Cada vez que Don Emilio y Don José coincidían en el bar, era de esperarse – si se conocía el paño – una buena polémica. Daba lo mismo cualquier tema; lo realmente importante, lo que verdaderamente valía la pena no era sobre que sino como disertaban. El espectáculo jamás decepcionaba.
De un modo único, ejemplar, digno de ser admirado, el estilo de ambos – aunque radicalmente opuestos – coincidía en la premisa del mutuo respeto. Como si se basaran en un reglamento explicito de controversia expresamente establecido que pactaran sin espesarlo.
Don Emilio era hombre de buen sentir, amante de las letras que supo más de la vida que de la enseñanza obligada de la escuela. Poco modesto a la hora de mencionar su modestia, minimizaba su talento poético casi tanto como exaltaba su voz al momento de compartir un verso de su autoría. Quienes tuvieron el placer de oír algunas de sus rimas coincidían en el aplauso; probablemente por el ahínco que ponía en ellas para saldar cuentas con un pasado cargados de culpas.

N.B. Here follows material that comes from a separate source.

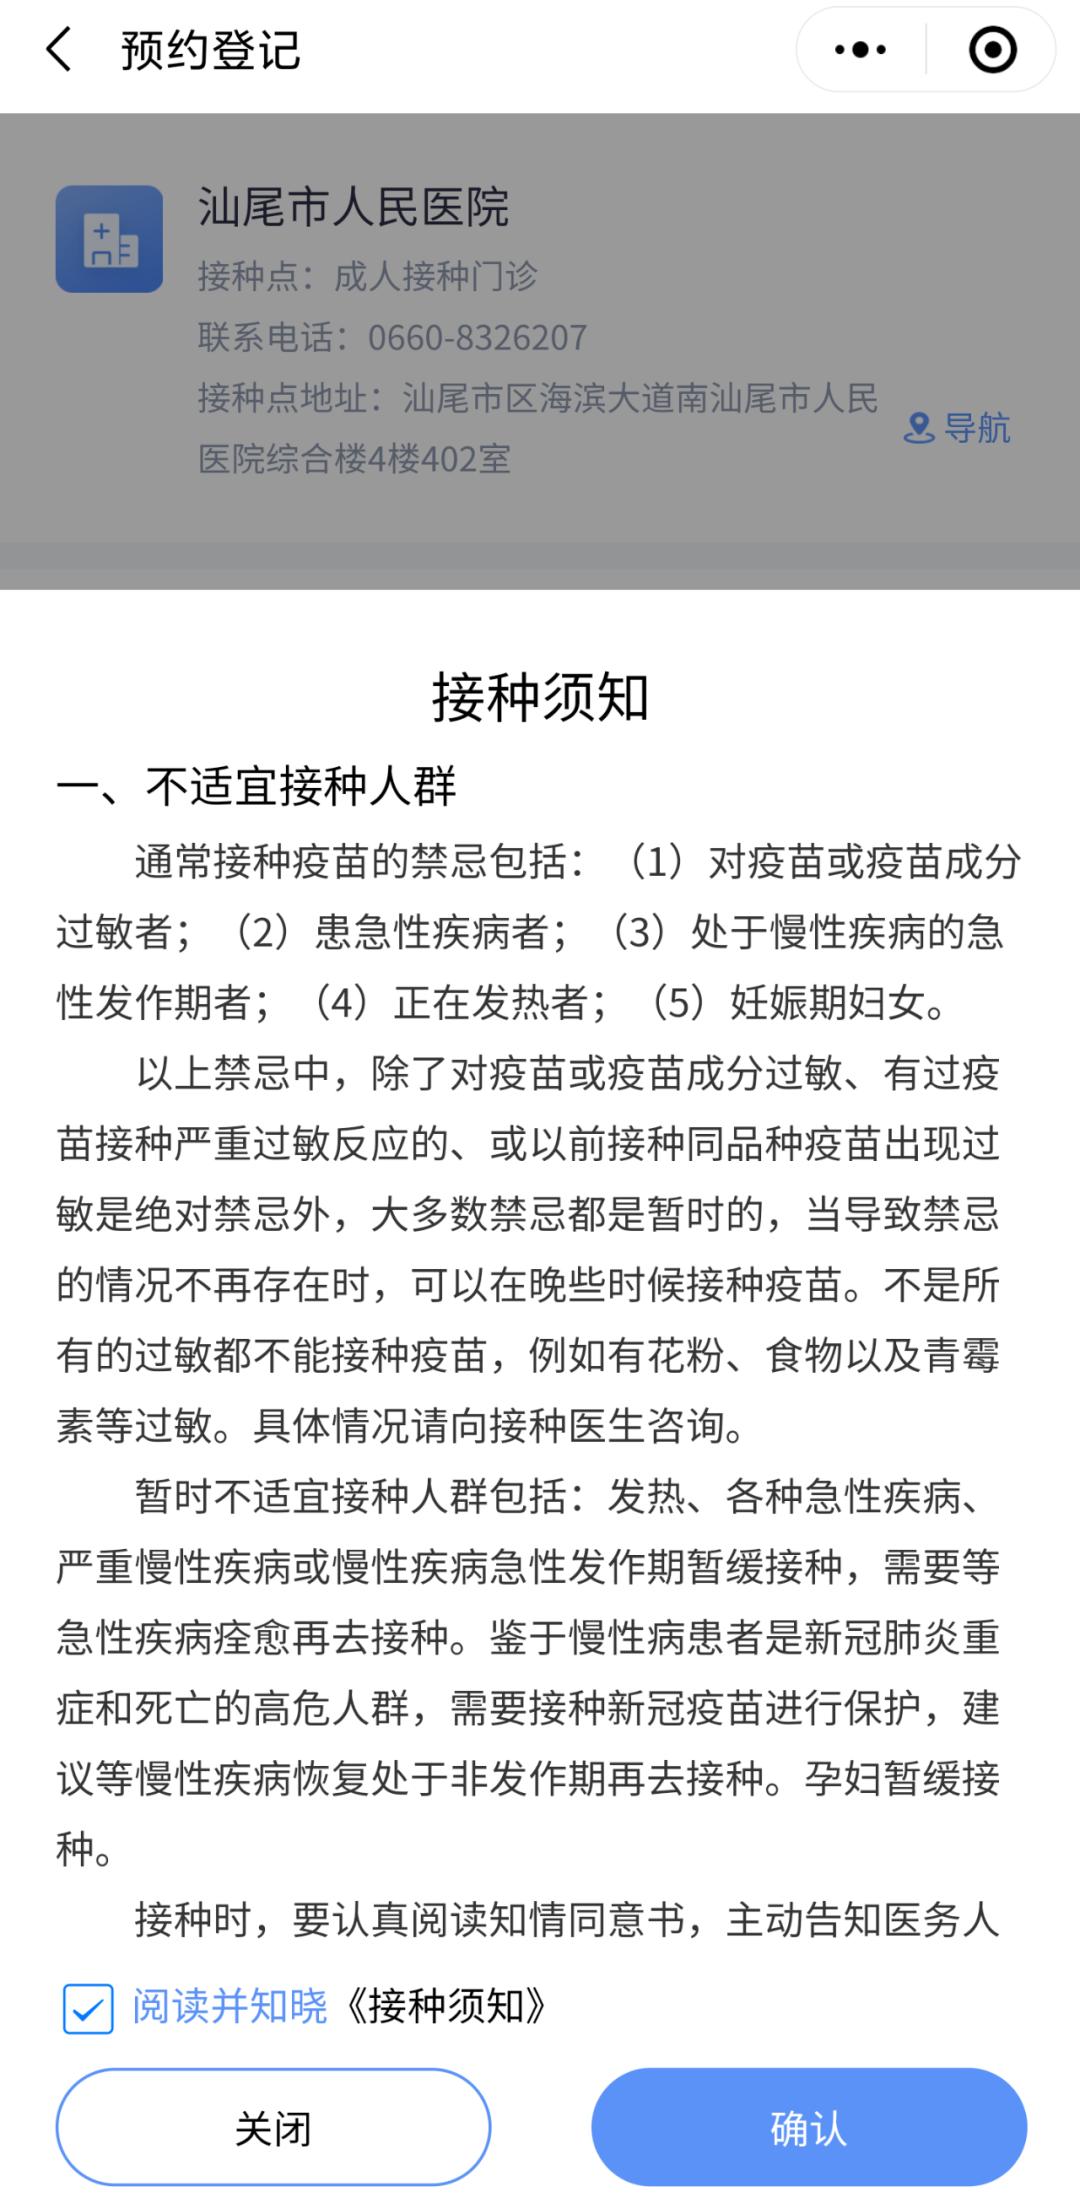 汕尾市民预约新冠病毒疫苗接种流程 汕尾新闻 第6张

En cualquier caso, los años le habían otorgado la experiencia de reconocer antiguos errores, y aunque la salud no era de sus mejores camaradas, le había ofrcido aa vida, igualmente, la posibilidad de gozar el tiempo necesario para redimirse con creces. Frecuentemente era él quien arrancaba la prosa con algún interlocutor de turno, timidamente primero y enardeciéndose después.
Don José no se inmutaba, bebía silencioso su rutinario vaso de vino, lentamente, de a sorbos pequeños, como un ritual. A pesar de estar pisando las nueve décadas ostentaba la misma fuerza de espíritu que en sus mejores años mozos.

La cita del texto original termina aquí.